ブースティング回帰アンサンブル回帰の最適化

この例では、ブースティング回帰アンサンブルのハイパーパラメーターを最適化する方法を示します。最適化によりモデルの交差検証損失を最小化します。

問題は、自動車の加速度、エンジン排気量、馬力および重量に基づいてガロンあたりの走行マイル数で燃費をモデル化することです。これらの予測子および他の予測子が含まれている carsmall データを読み込みます。

load carsmall
X = [Acceleration Displacement Horsepower Weight];
Y = MPG;

LSBoost アルゴリズムと代理分岐を使用してアンサンブル回帰をデータに当てはめます。学習サイクル数、代理分岐の最大数および学習率を変化させることにより、生成されたモデルを最適化します。さらに、最適化で反復ごとに交差検証を再分割できるようにします。
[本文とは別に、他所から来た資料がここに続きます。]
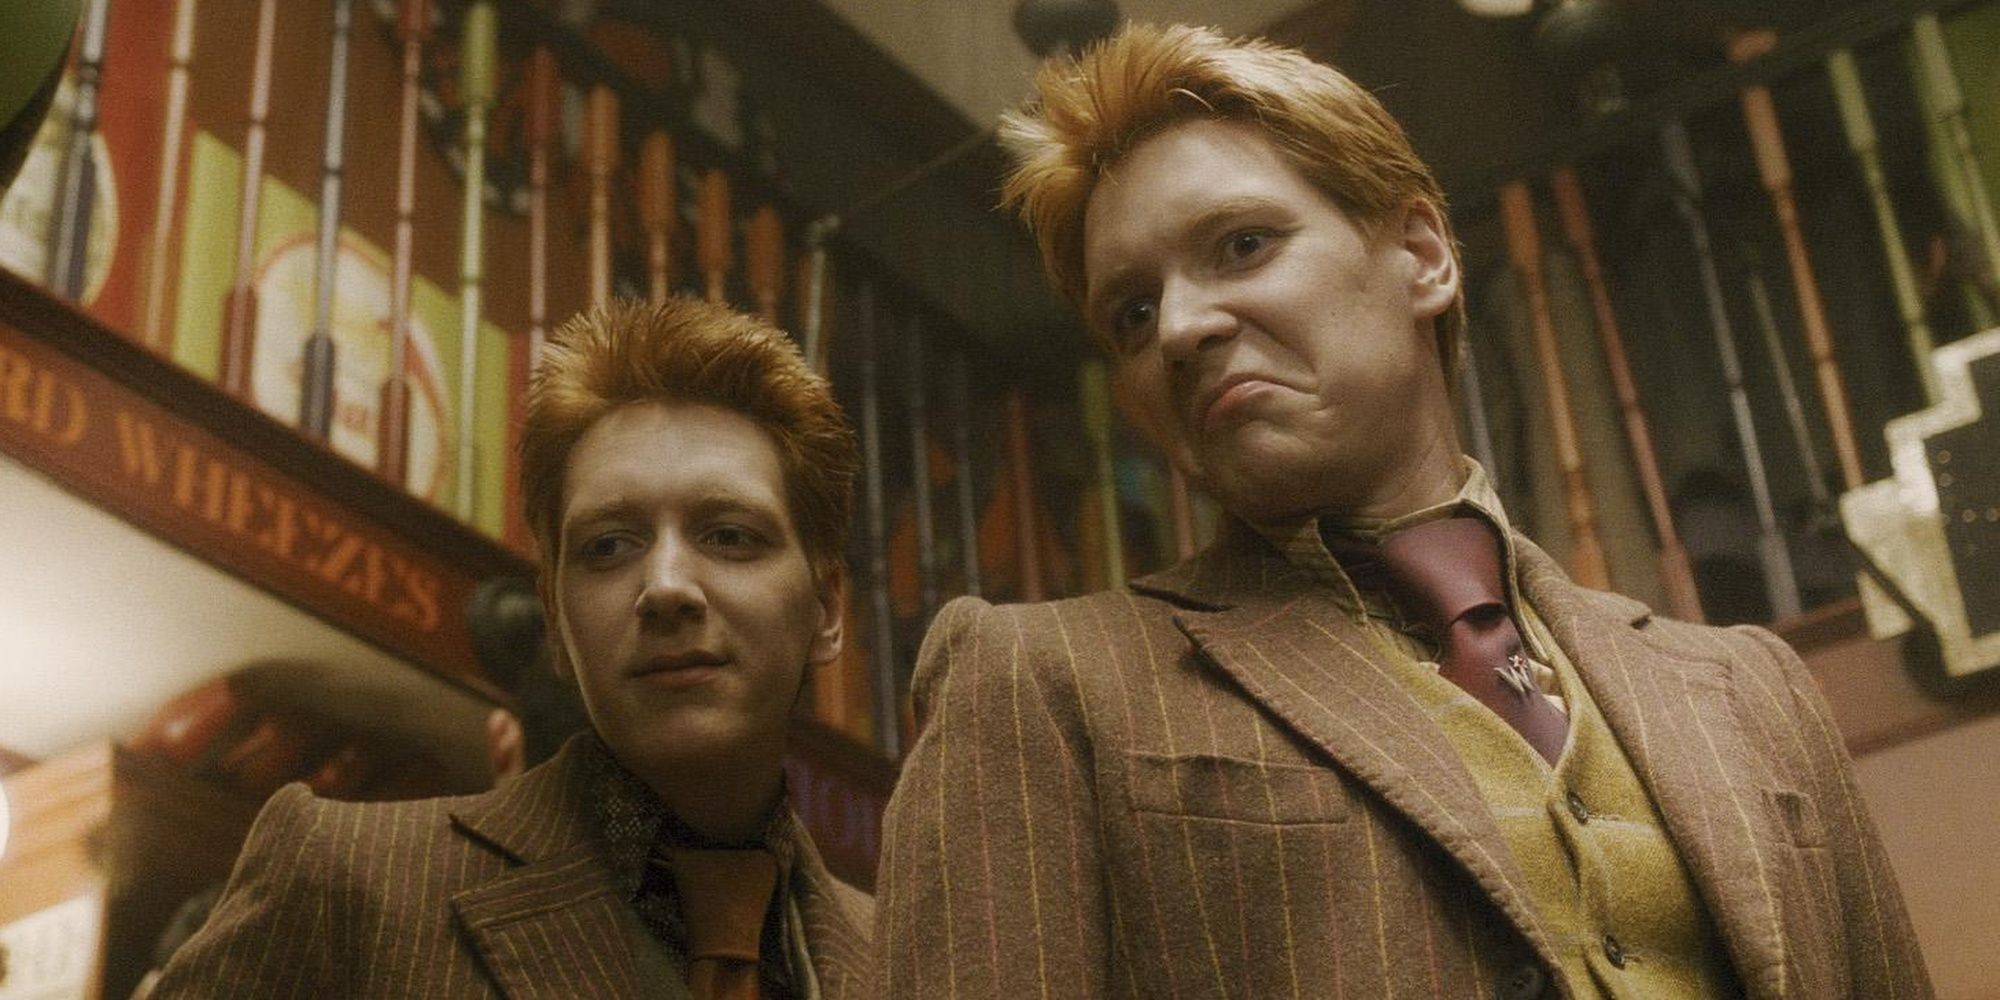 fred and george weasley stood on the steps in their joke shop
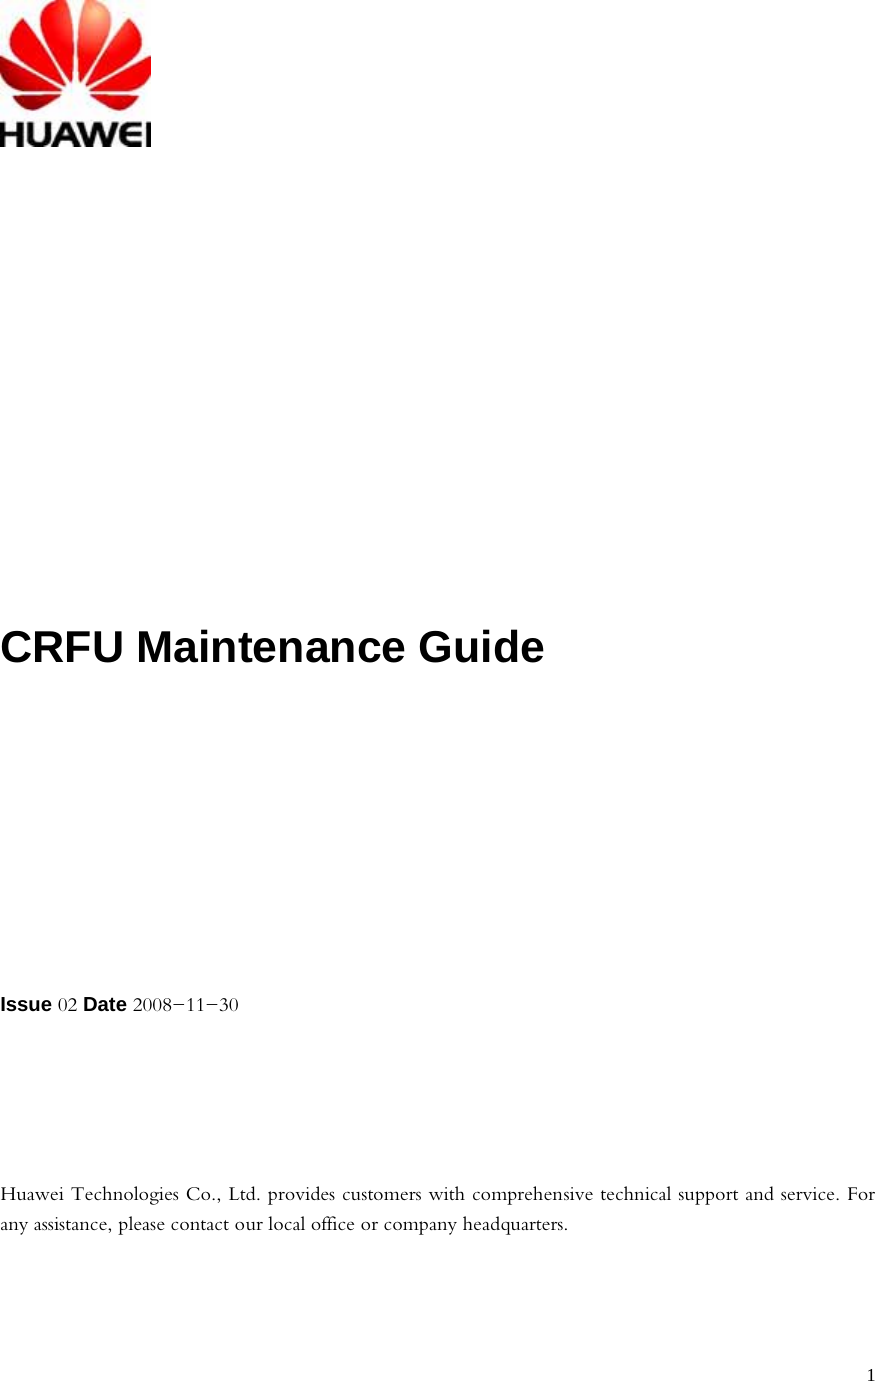   1 CRFU Maintenance Guide  Issue 02 Date 2008-11-30     Huawei Technologies Co., Ltd. provides customers with comprehensive technical support and service. For any assistance, please contact our local office or company headquarters.

再現性を得るために、乱数シードを設定し、'expected-improvement-plus' の獲得関数を使用します。

rng('default')
Mdl = fitrensemble(X,Y, ...
    'Method','LSBoost', ...
    'Learner',templateTree('Surrogate','on'), ...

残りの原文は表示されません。